Un ruido de fondo la interrumpió: el sonido de algo que caía, que se hacía añicos, algo pesado golpeando el suelo…

– ¡Mamá! -gritó Clary en el teléfono-. ¿Mamá, estás bien?

Del teléfono surgió un fuerte zumbido, y la voz de la madre de Clary se abrió paso a través de la estática.

– Sólo prométeme que no vendrás a casa. Ve a casa de Simón y llama a Luke… dile que me ha encontrado…

Sus palabras quedaron ahogadas por un fuerte estrépito parecido al de la madera al astillarse.

– ¿Quién te ha encontrado? Mamá, ¿has llamado a la policía? ¿Lo has hecho…?

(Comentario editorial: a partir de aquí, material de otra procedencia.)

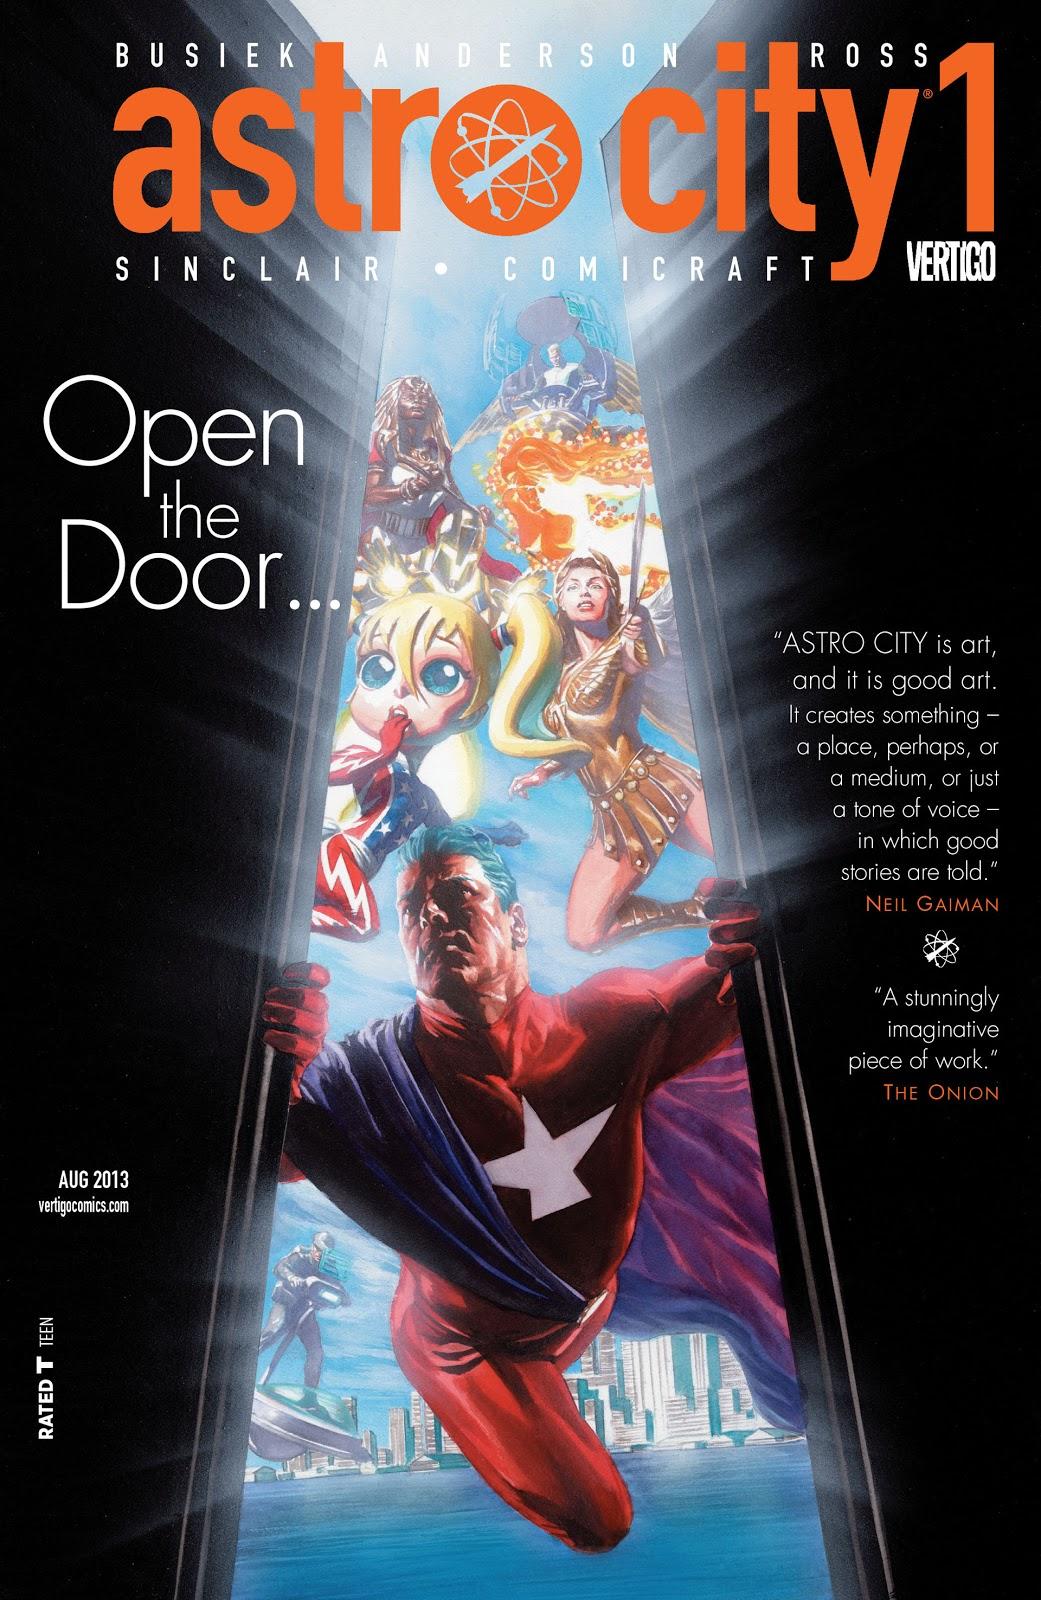 Samaritan opening doors leading to reader's POV, other superheroes behind him

Su desesperada pregunta quedó interrumpida por un sonido que Clary jamás olvidaría: un discordante sonido deslizante, seguido por un golpe sordo. Oyó cómo su madre aspiraba con fuerza.

– Te quiero, Clary -le oyó decir, con voz inquietantemente tranquila.

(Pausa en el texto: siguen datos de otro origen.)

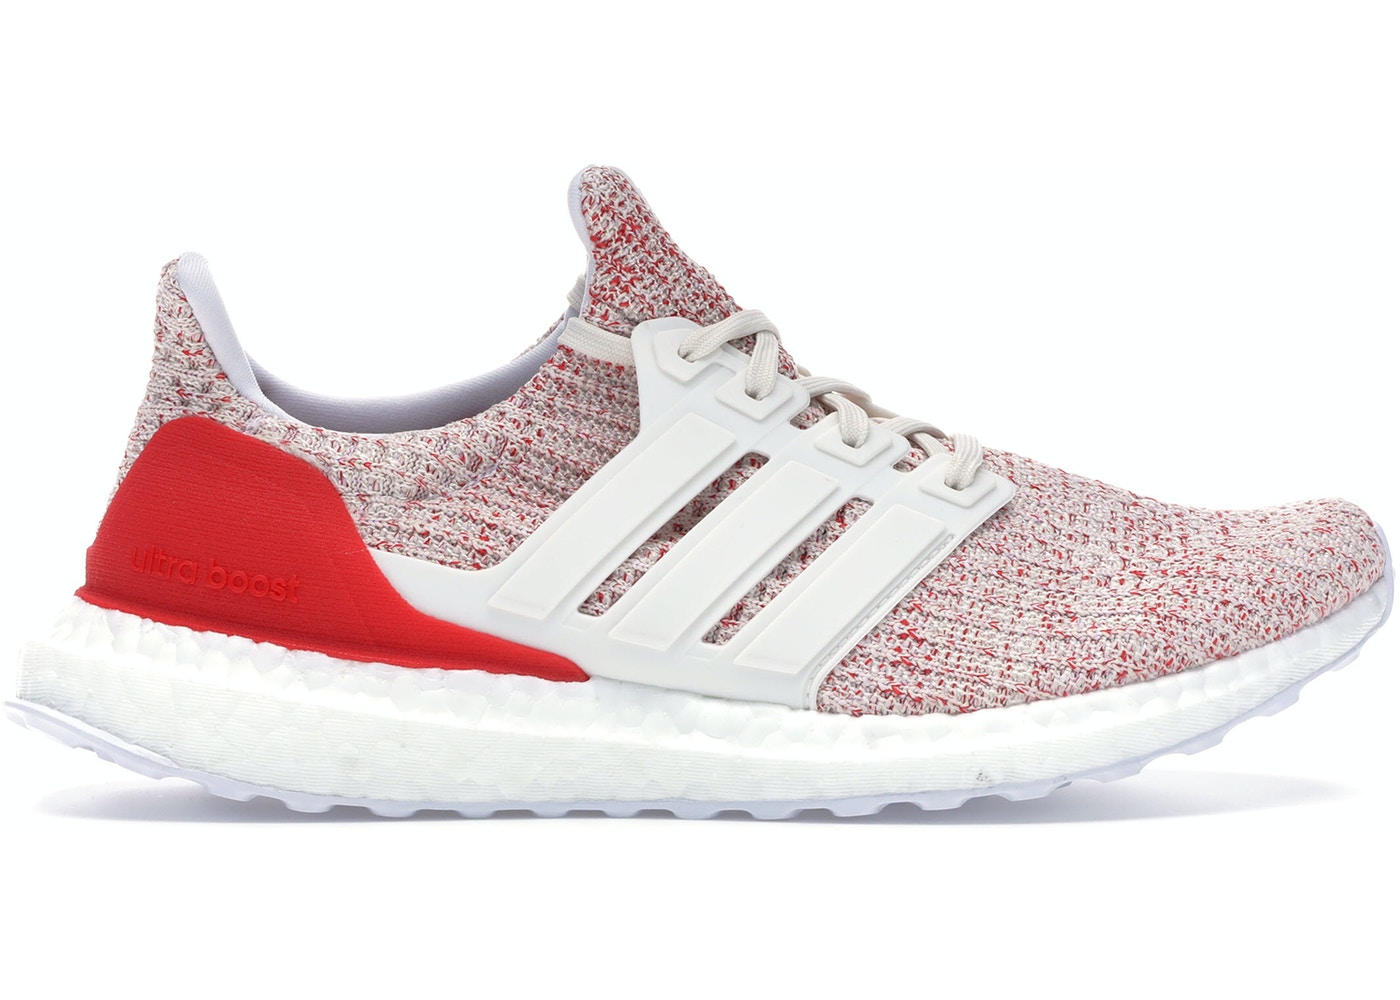 924650c6b32 adidas Ultra Boost 4.0 Chalk White Active Red (W) - DB3209

El teléfono se desconectó.

* * *

– ¡Mamá! -aulló Clary al teléfono-. ¿Mamá, estás ahí?

«Fin de la llamada», apareció en la pantalla. Pero ¿por qué habría colgado su madre de aquel modo?

– Clary -dijo Jace, y fue la primera vez que le oyó decir su nombre-. ¿Qué sucede?

Clary hizo caso omiso de él. Oprimió febrilmente el botón que marcaba el número de su casa. No hubo respuesta, aparte del doble tono que indicaba que estaba comunicando.

Las manos de Clary habían empezado a temblar de un modo incontrolable. Cuando intentó volver a marcar, el teléfono se le resbaló de la temblorosa mano y golpeó violentamente contra la acera. Se dejó caer de rodillas para recuperarlo, pero ya no funcionaba, había una larga raja bien visible sobre la parte frontal.

– ¡Maldita sea!

Casi llorando, arrojó el teléfono al suelo.

– Para de una vez. -Jace tiró de ella para incorporarla, agarrándola por la muñeca-. ¿Ha sucedido algo?

– Dame tu teléfono -dijo Clary, extrayendo un objeto oblongo de metal negro del bolsillo de la camisa de Jace-. Tengo que…

– No es un teléfono -repuso Jace, sin hacer el menor intento de recuperarlo-. Es un sensor. No podrás utilizarlo.

– ¡Pero necesito llamar a la policía!

– Primero dime lo que ha sucedido. -Ella intentó liberar violentamente la muñeca, pero él la asía con una fuerza increíble-. Puedo ayudarte.

La cólera inundó a Clary, como una marea ardiente recorriéndole las venas. Sin siquiera pensar en lo que hacía, le golpeó en la cara, arañándole la mejilla, y él se echó hacia atrás sorprendido. Clary se soltó y corrió hacia las luces de la Séptima Avenida.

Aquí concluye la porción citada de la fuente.